● Goal of the exercise
Transcribe the full listing exactly, and drop every picture.

● Data excerpt
_ _ _

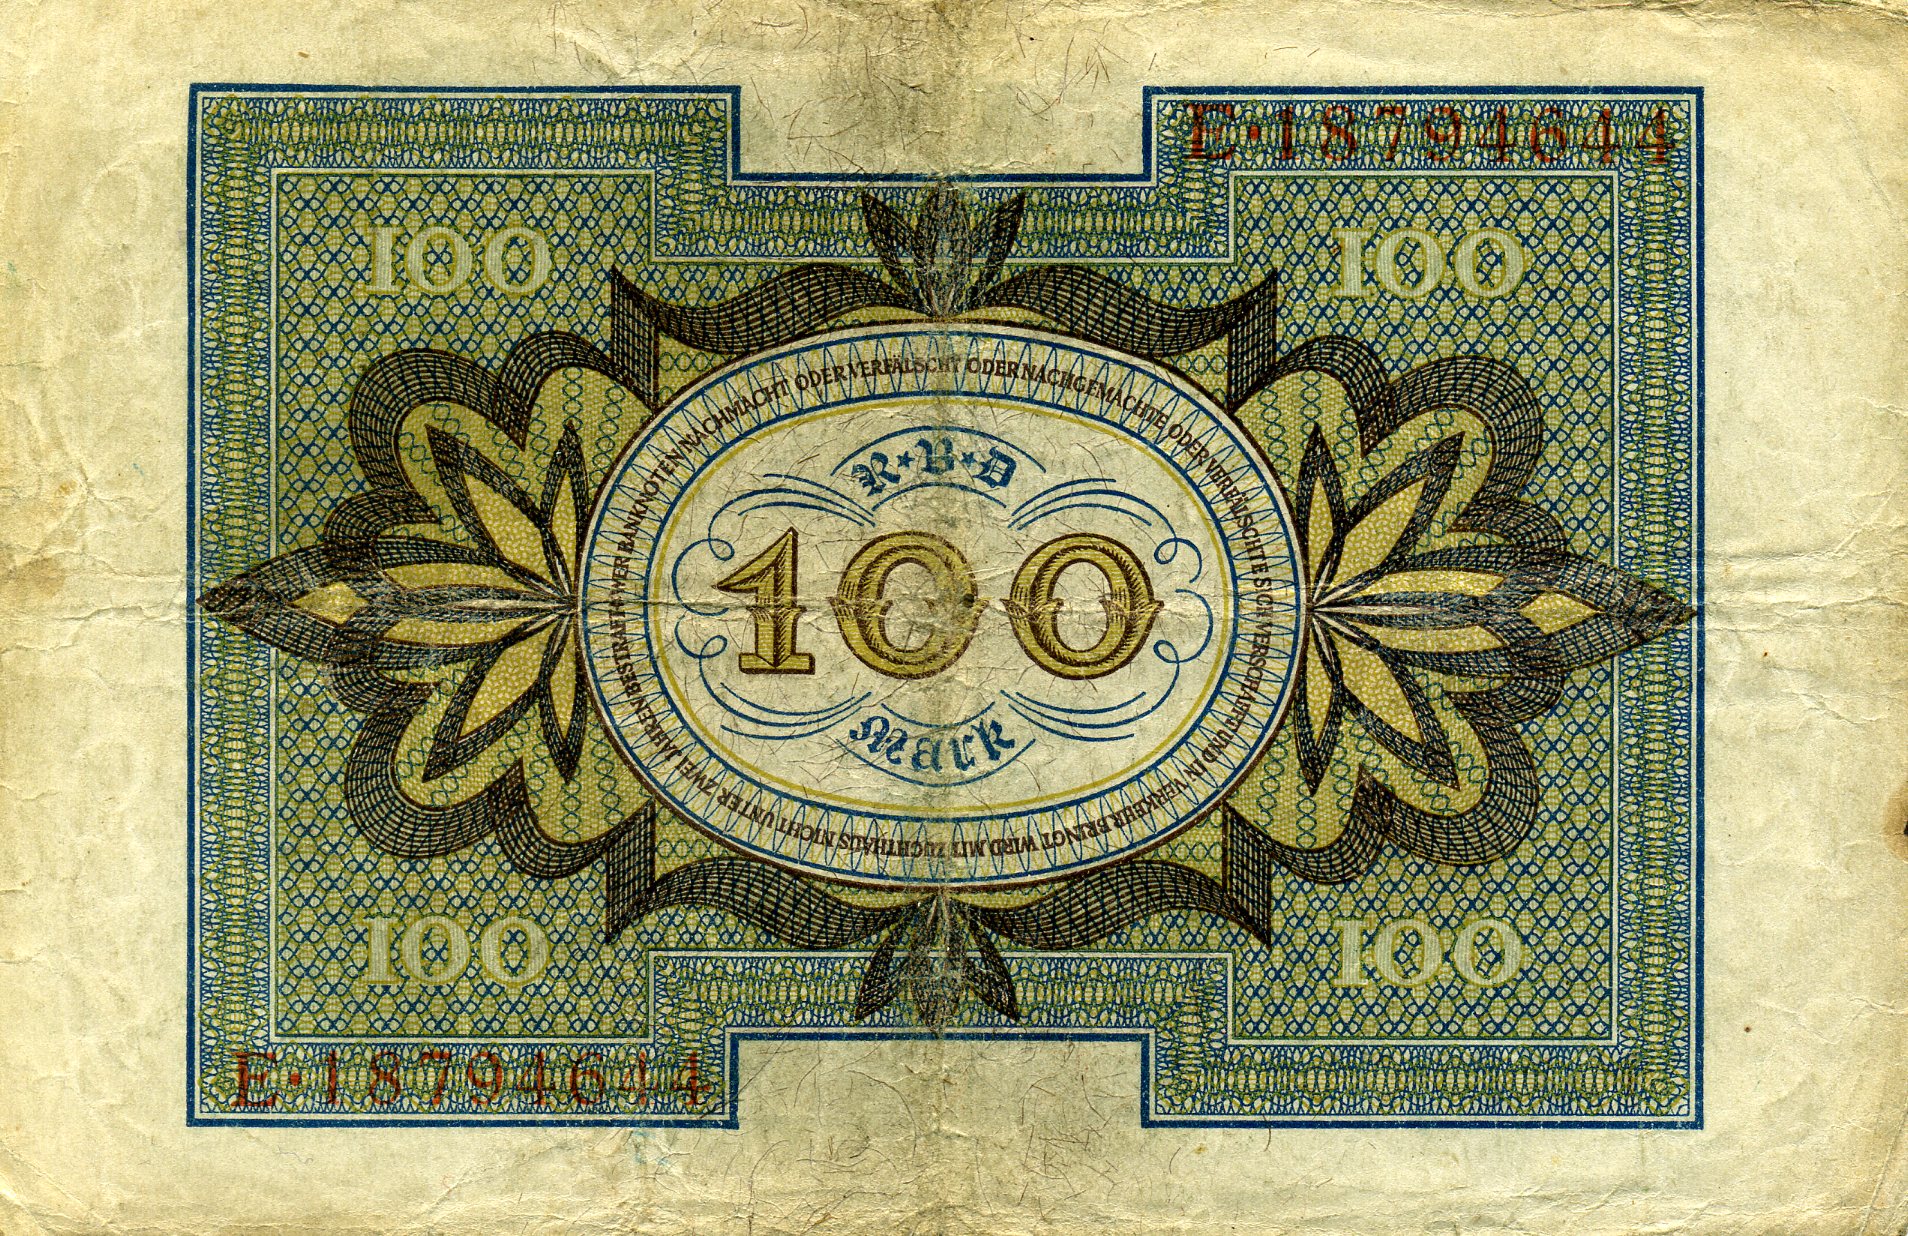 100 марок 1 ноября 1920 года. Реверс. Реферат Рефератович.
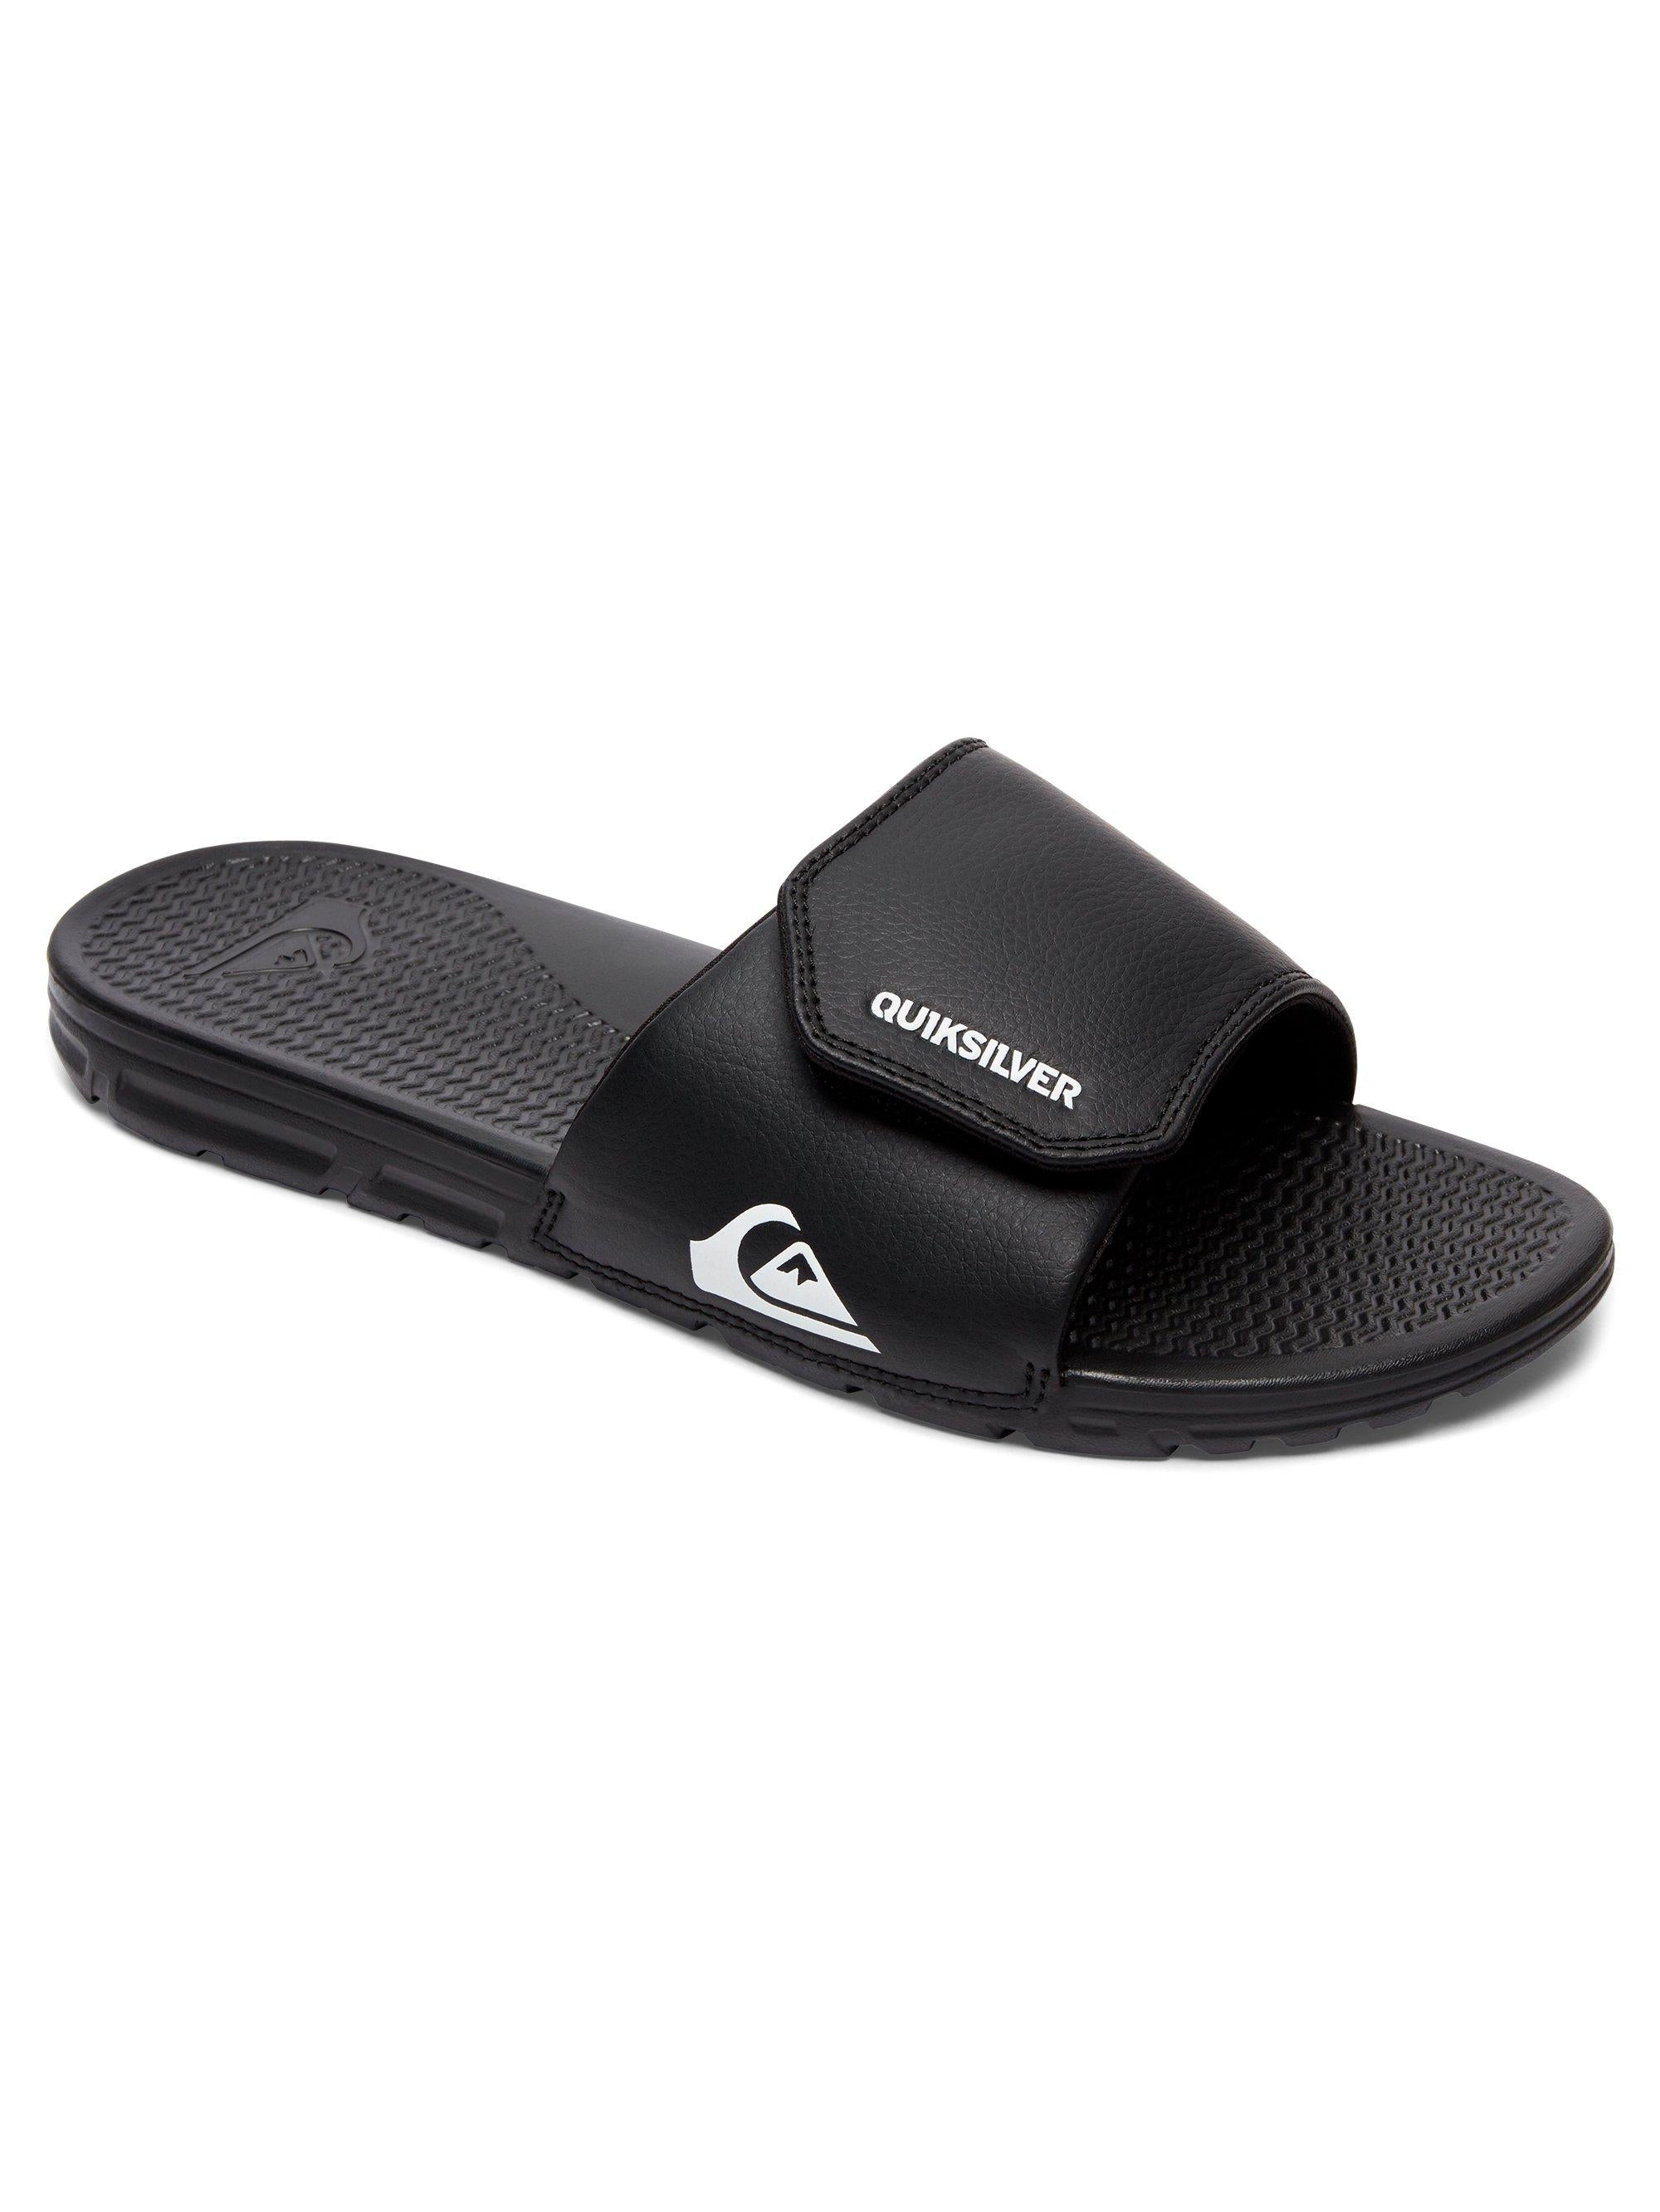 Quiksilver Shoreline Slide Flip Flop Adjustable - Black or White Logo
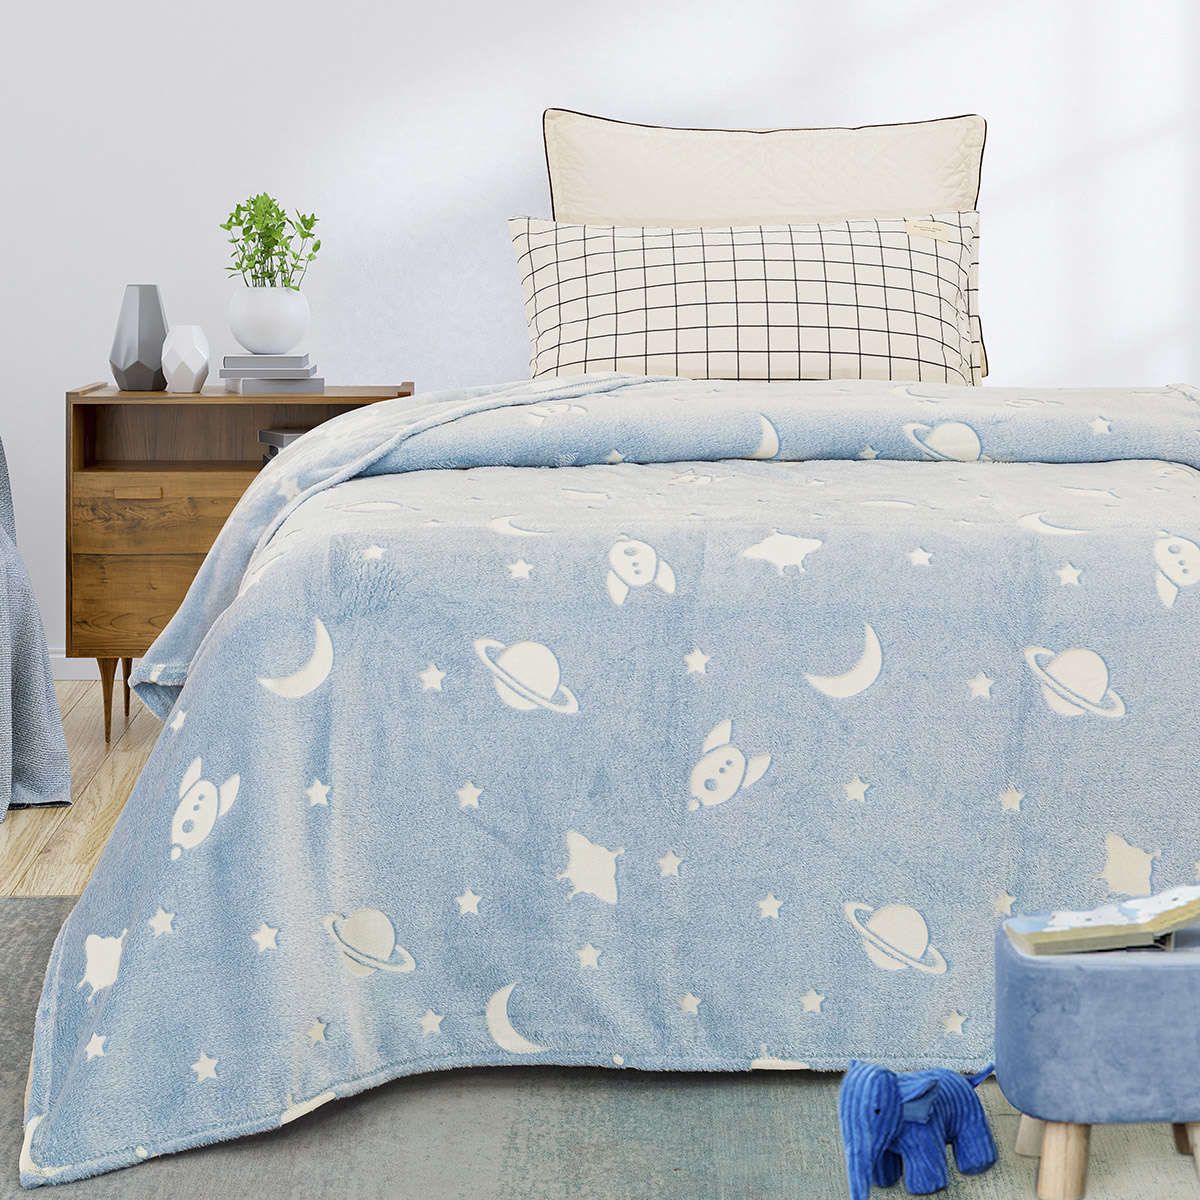 Παιδική κουβέρτα μονή φωσφορίζουσα Art 6253 light blue beauty home

_ _ _

● Written solution
 100 марок 1 ноября 1920 года. Реверс. Реферат Рефератович.
 Quiksilver Shoreline Slide Flip Flop Adjustable - Black or White Logo
 Παιδική κουβέρτα μονή φωσφορίζουσα Art 6253 light blue beauty home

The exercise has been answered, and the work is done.